On our last morning we were joined by junks laden with boisterous passengers. Junk boats are packed with day-trippers, and a popular way for locals to explore local waters. Soon there were a dozen junks anchored around us, and the water was full of snorkellers. But I had a way to escape the crowds, and now I knew just where to go.
Clear Water Bay Peninsula in Hong Kong’s Sai Kung district. Photo: Stephen Wong / Getty
Hong Kong has experienced a steady stream of protests, political upheaval, police violence, and restrictions related to COVID-19 since the summer of 2019, and things are still not back to ‘normal’.
However, Hong Kong’s marinas and waters have remained largely open to sailors throughout this time.

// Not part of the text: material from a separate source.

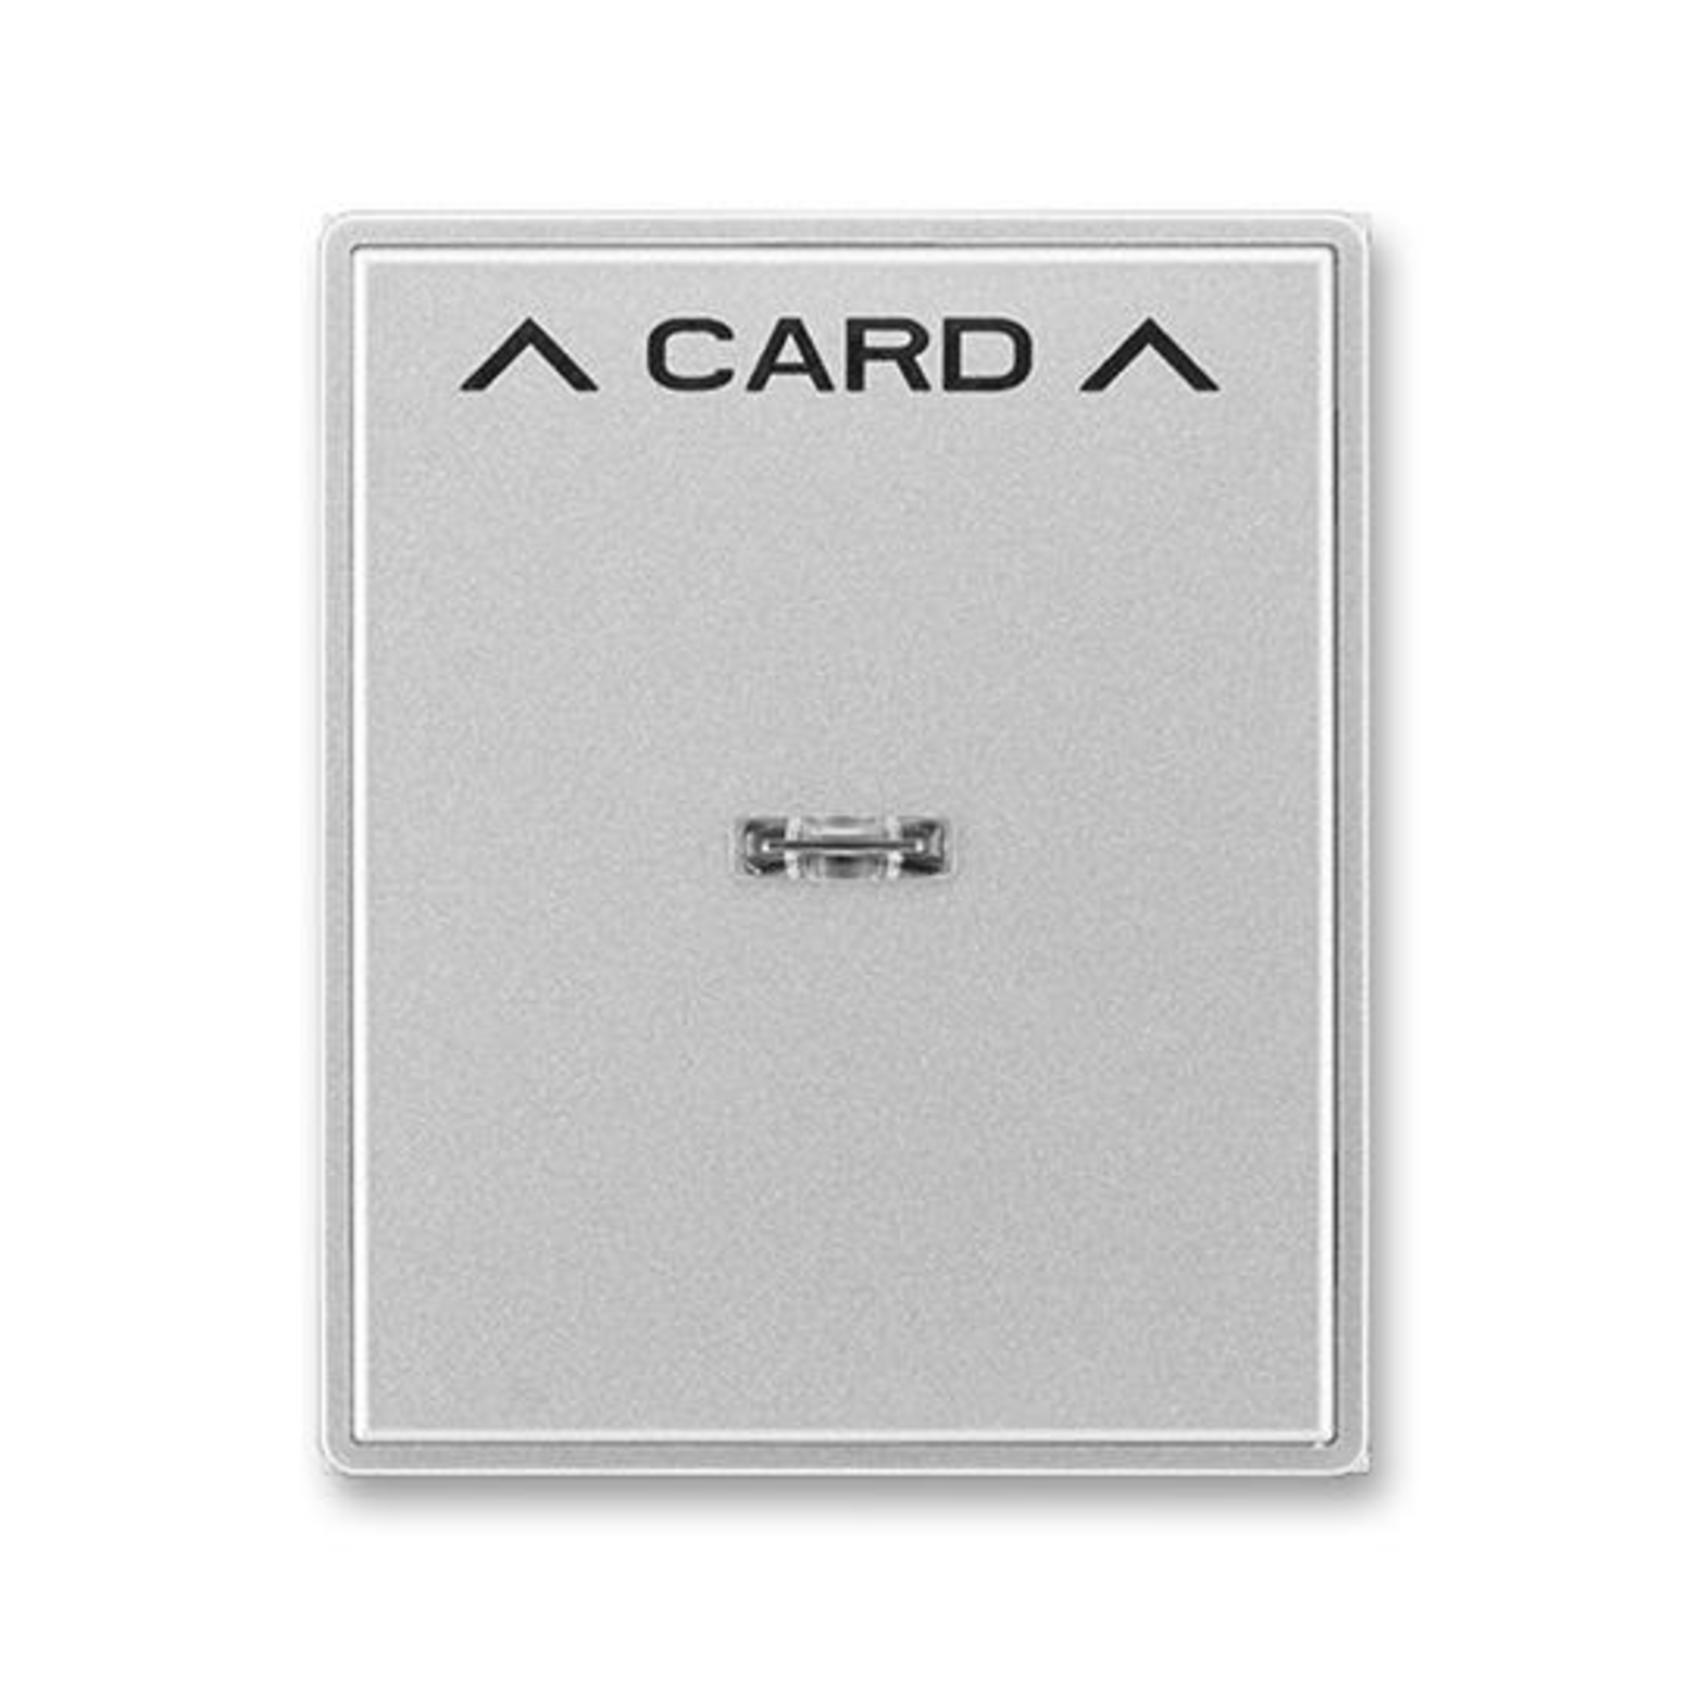 ABB 3559E-A00700 08 Time Kryt spínače kartového, s čirým průzorem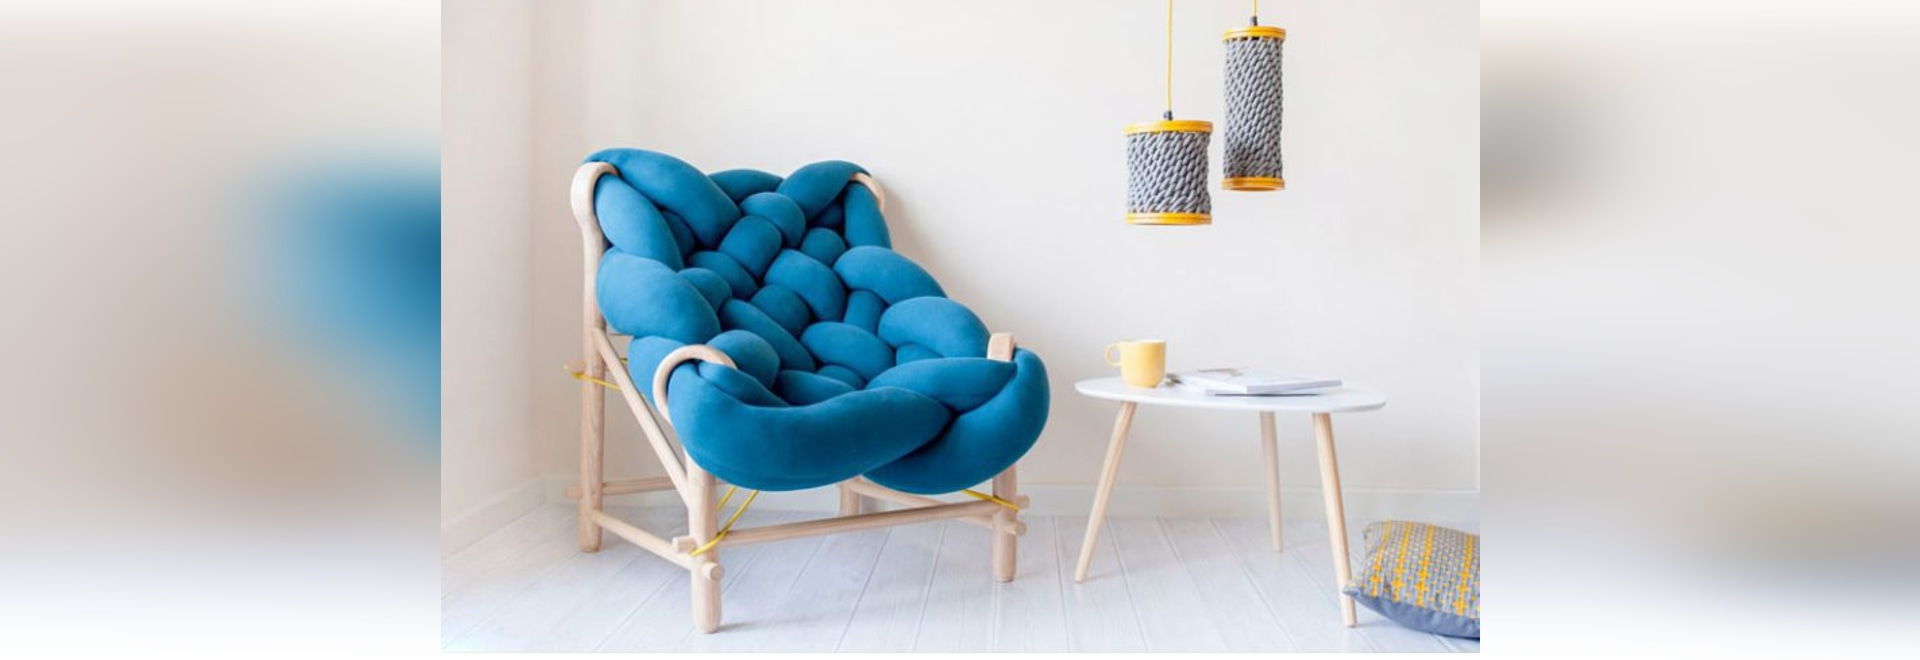 Cette collection de meubles se sert de diverses techniques de tricotage et de tissage

There is a discernible increase in Marine Police presence, but they rarely stop pleasure boats.
The most popular anchorages have seen an uptick in activity, particularly overnight stays, as travel restrictions have kept citizens within their own borders, but there are still plenty of protected bays to go around.
If anything, escaping the throb of the city centre by boat brings relief. On far flung islands and beaches you are more likely to encounter feral cows, a wild pig, or one of Hong Kong’s multitudes of snakes than a riot police officer.
About the author
Canadian-born Cameron Dueck is a writer, adventurer and filmmaker based in Hong Kong. He has sailed his own boat through the North West Passage and across the Atlantic Ocean, and is currently preparing his Hallberg-Rassy 42F for long-term cruising.